Rue is at her wit’s end, talking about the purposelessness of her life, the unforgivable nature of her actions, the intention to limit her time on Earth. Ali encourages her to find a “poetry” within these aggravating pieces of mystery, to engage with the inherently un-engageable crises of existence. This idea of “poetry” comes up twice in the episode, as a kind of episodic bookend. The first time, it is clearly tracked to Rue and their conversation, feeling enmeshed within the text itself beautifully. The second time, Levinson reaches just a little too far out to his audience, especially a kind of made-up audience who might not be into this experimentally quiet two-hander version of Euphoria. It’s a defensive, meta-textual plea, and it is quizzical. Here’s Ali’s line in question:

"Thinking about those questions, those ideas, they’re a large part of what makes this life worth living. Right? That’s what I was talking about earlier. You gotta believe in the poetry. The value of two people sitting in a diner on Christmas Eve, talking about life. Addiction. Loss."

God, I want to be all-in on this line, this sentiment, this poetry. But it cannot help but play like a justification for this episode’s structure, which is quite literally two people sitting in a diner on Christmas Eve, talking about life, addiction, and loss. It feels like Levinson patting himself on the back, telling himself it’s okay to write something so explicitly interested in just thinking about ideas, without a ton of narrative momentum or action, and subsequently telling us that we need to be on board and believe in it. Yes, it makes sense to an extent for Ali to tell Rue this at this time, and yes Domingo sells the line as excellently as he can. But even though Domingo is inserting himself within the text as immersively as possible, Levinson’s line can’t help but feel frozen in visible authorial quotes.

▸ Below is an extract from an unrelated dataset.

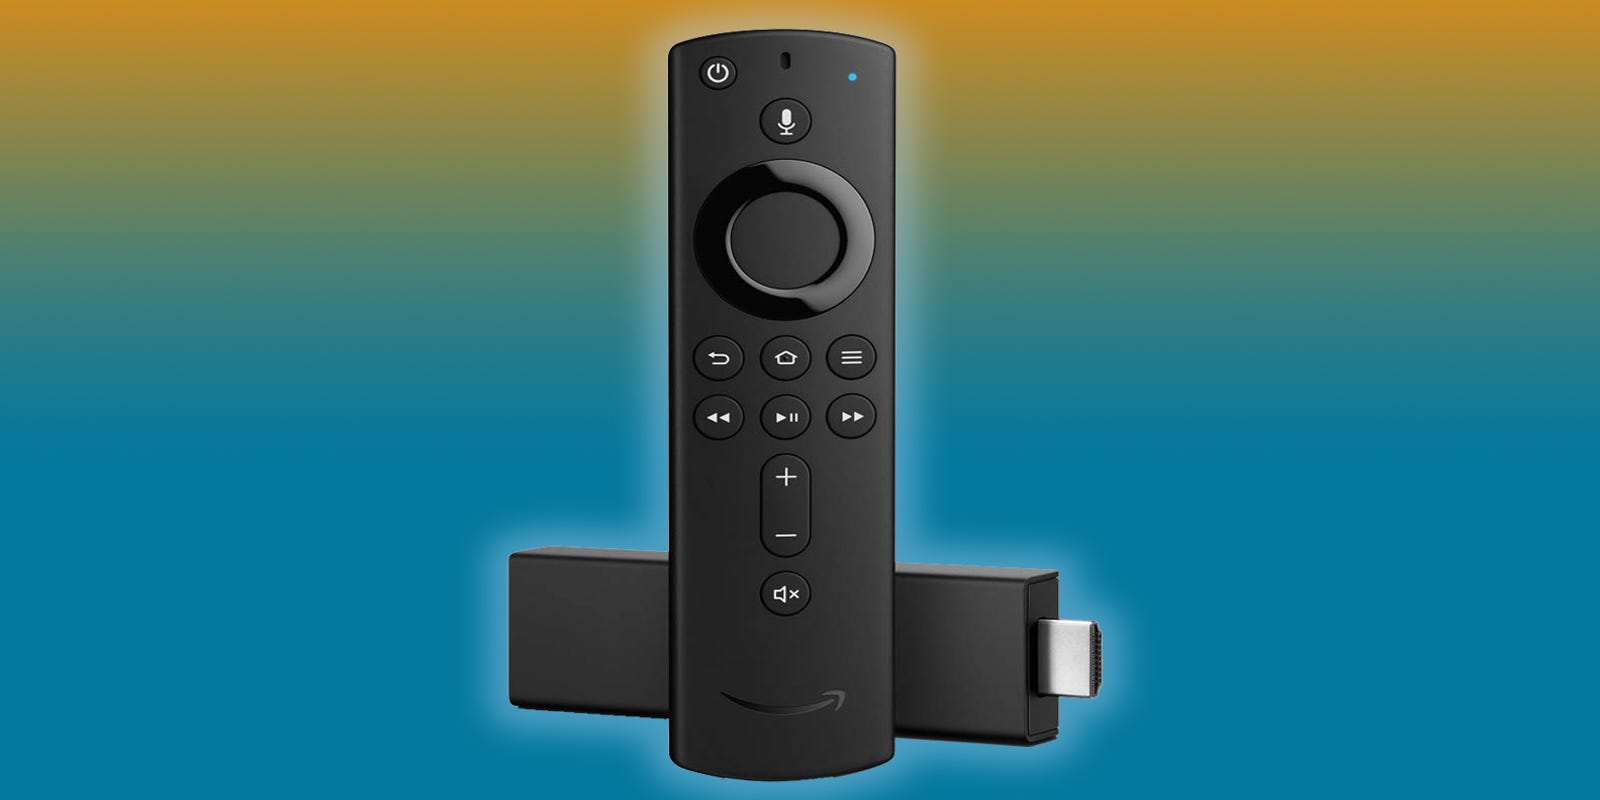 6c7179b8 9ceb 460e A10c 6eab7b60e7da Amazon Fire TV Stick 4K Prime Day ?crop=1583,890,x0,y0&width=1600&height=800&fit=bounds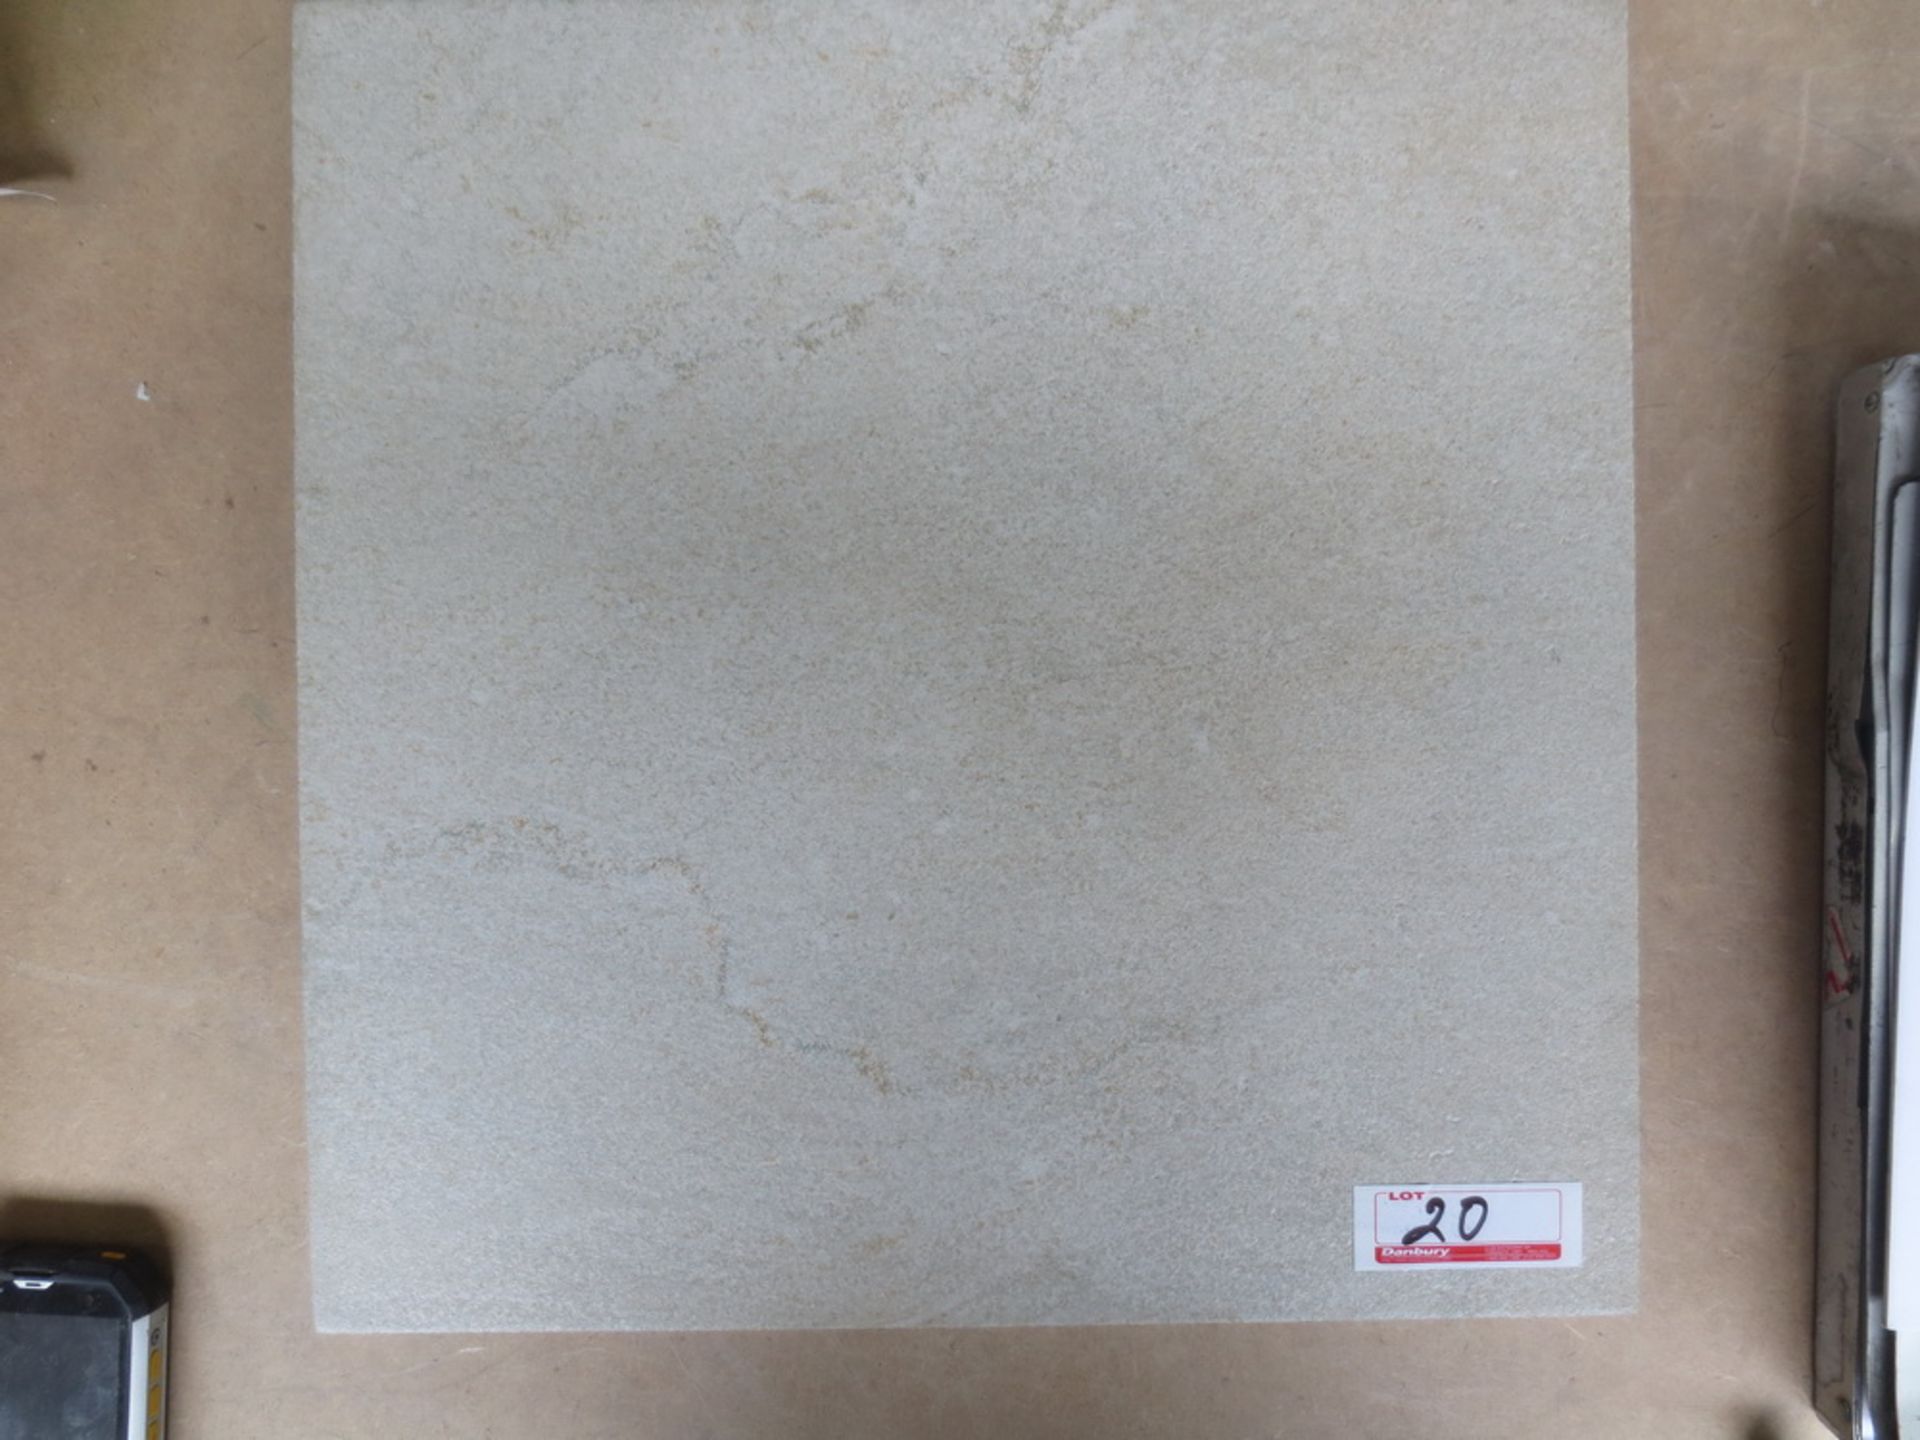 485 - SQ. FT. BEIGE APPROX 15.5X15.5 CERAMIC TILE 40 BOXES

This ain’t the first time Euphoria has gone a bit meta; the Season 1 finale ends with an out-and-out music video, while Rue/Zendaya often sang and danced directly to us. But it did so with no abandon, with utter confidence in itself, without feeling the need to ask for permission or forgiveness. I love Euphoria because of its courage, despite its characters’ deep vulnerabilities. I’m here for an hour-long episode of two people talking about everything in a diner; I’m here for its poetry. I’m just not here for the poet explaining why I need to be.

"Euphoria Special Episode Part 1: Rue" is now streaming on HBO Max.